▸ Exercise instructions
Repeat the records in full. No pictures belong in the copy.

::::::::

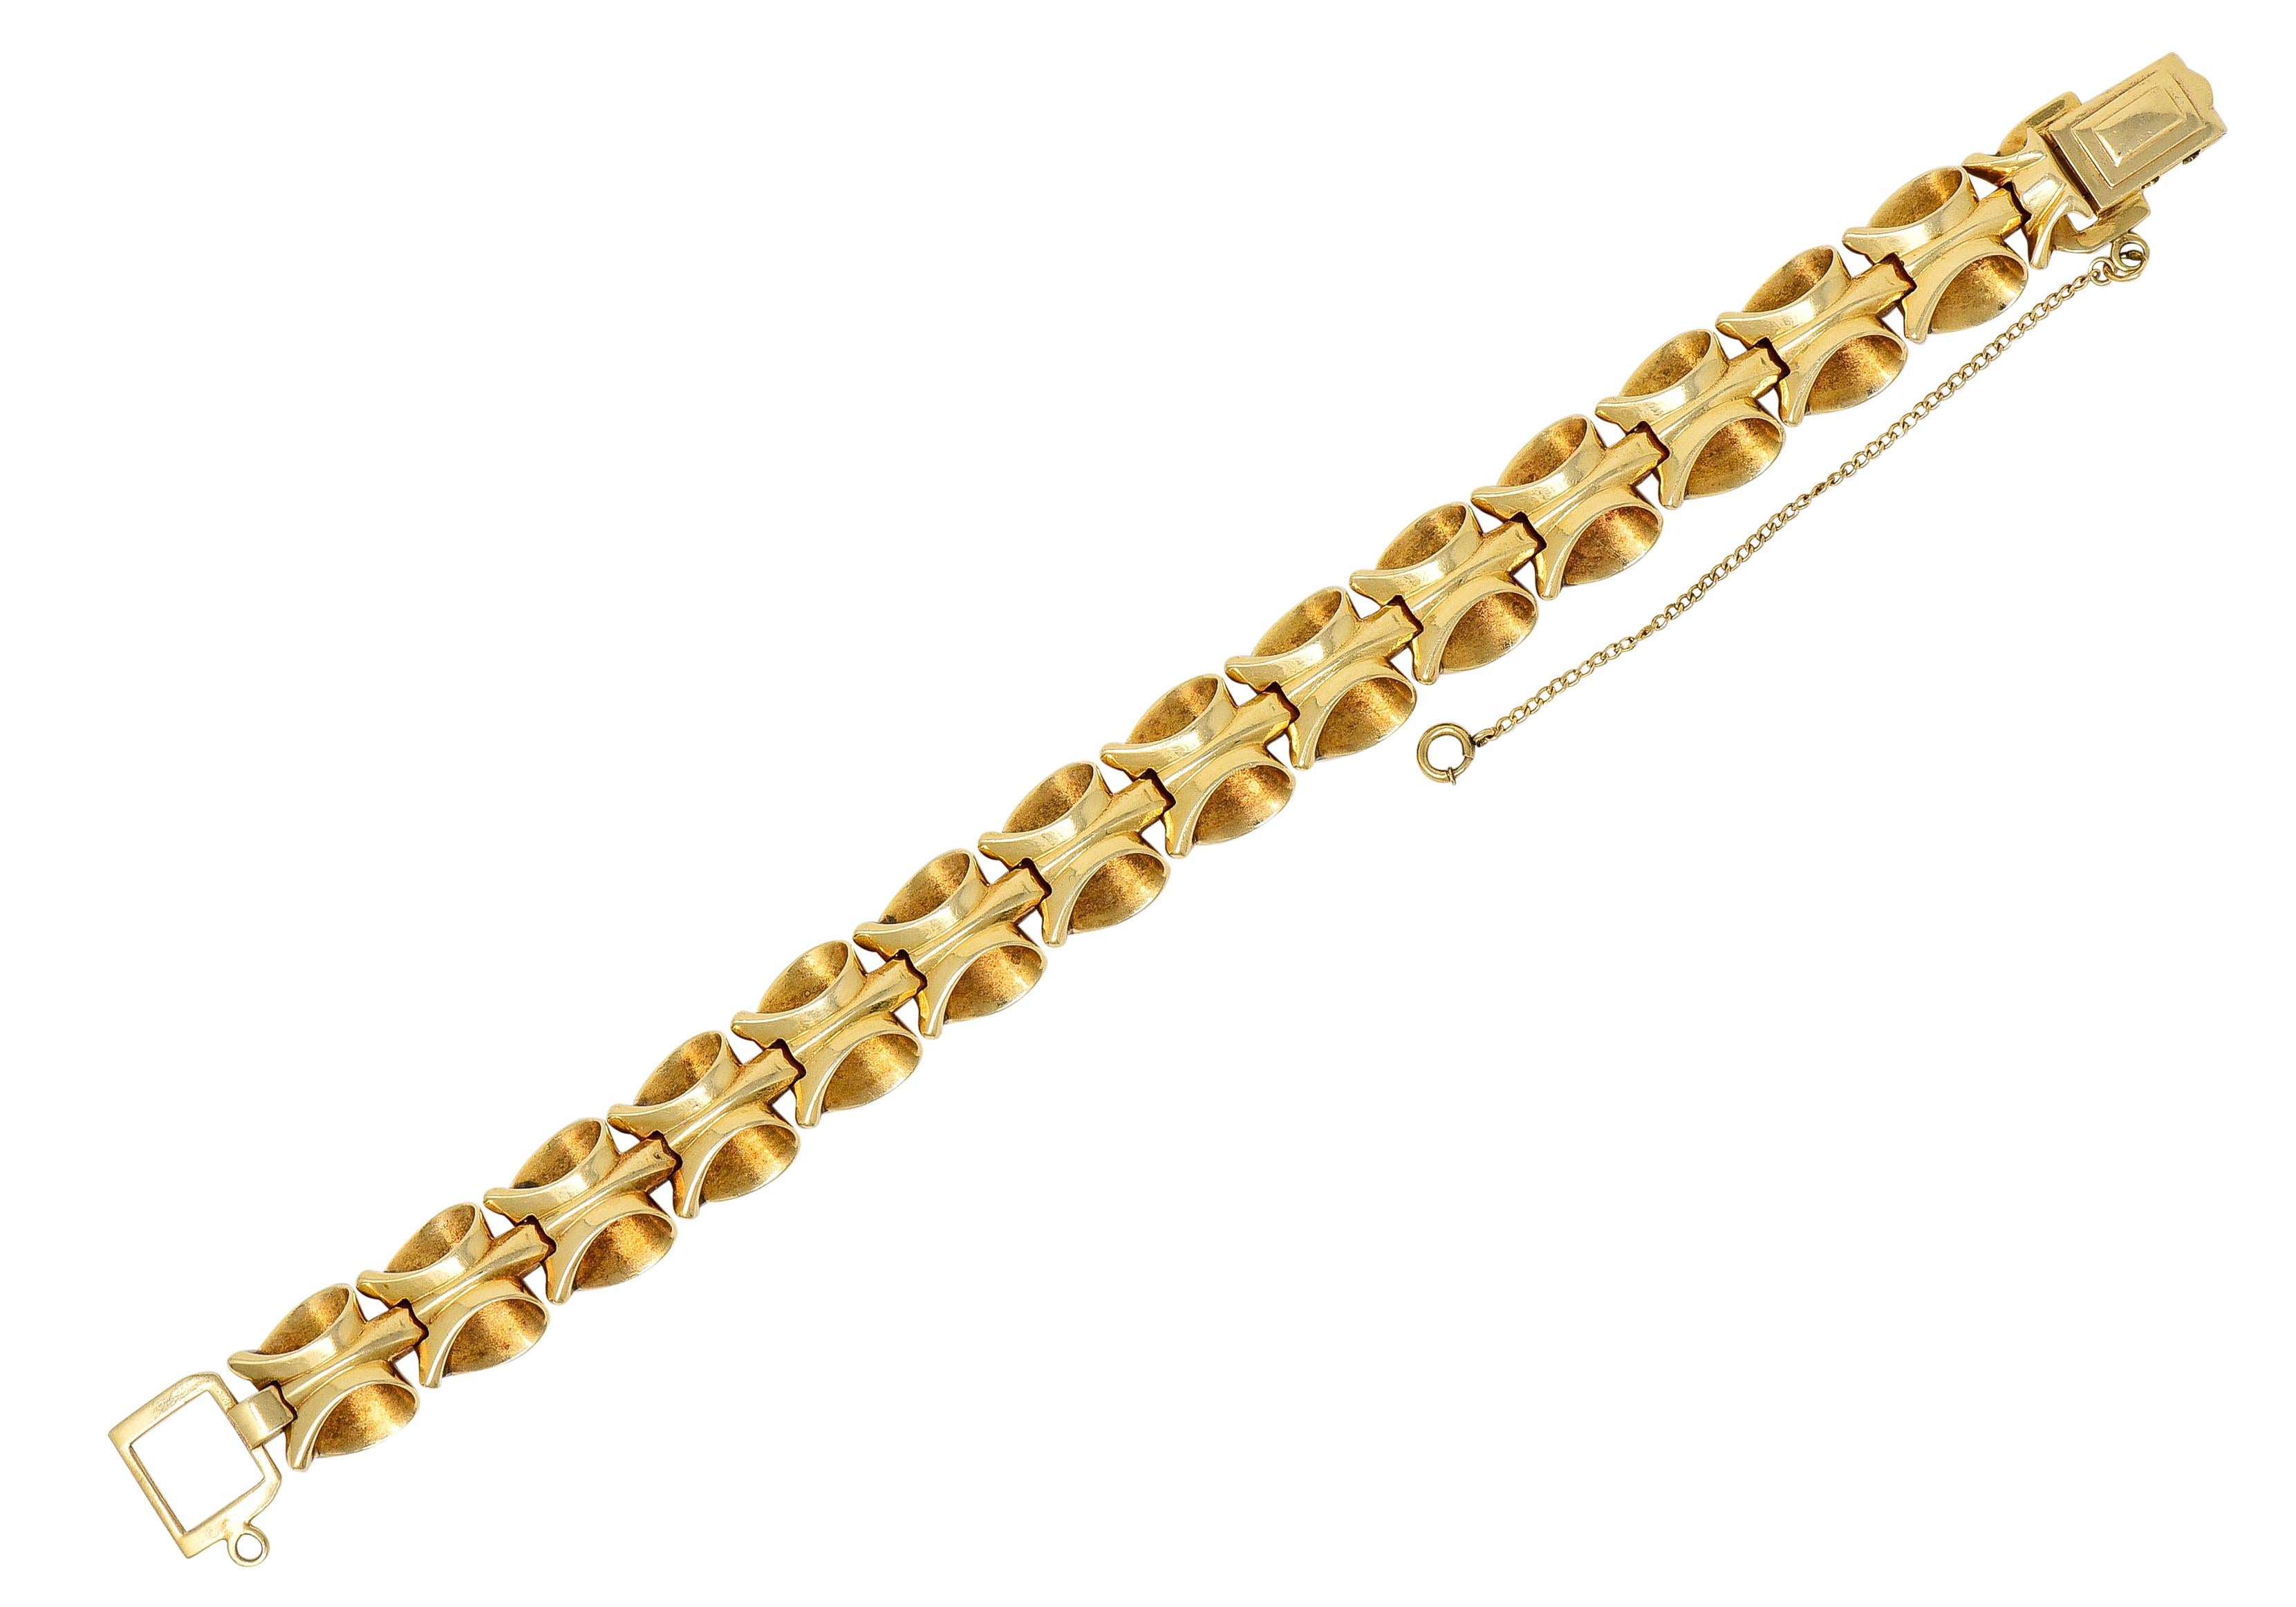 Bracelet is comprised of dynamically formed links as stylized ribbon-like loops

Contrasting a bright finish with inner brushed finish

Completed by fold-over clasp with chain safety

Stamped 14K for 14 karat gold

Circa: 1940s

Length: adjustable

::::::::

▸ Response
 Bracelet is comprised of dynamically formed links as stylized ribbon-like loops

Contrasting a bright finish with inner brushed finish

Completed by fold-over clasp with chain safety

Stamped 14K for 14 karat gold

Circa: 1940s

Length: adjustable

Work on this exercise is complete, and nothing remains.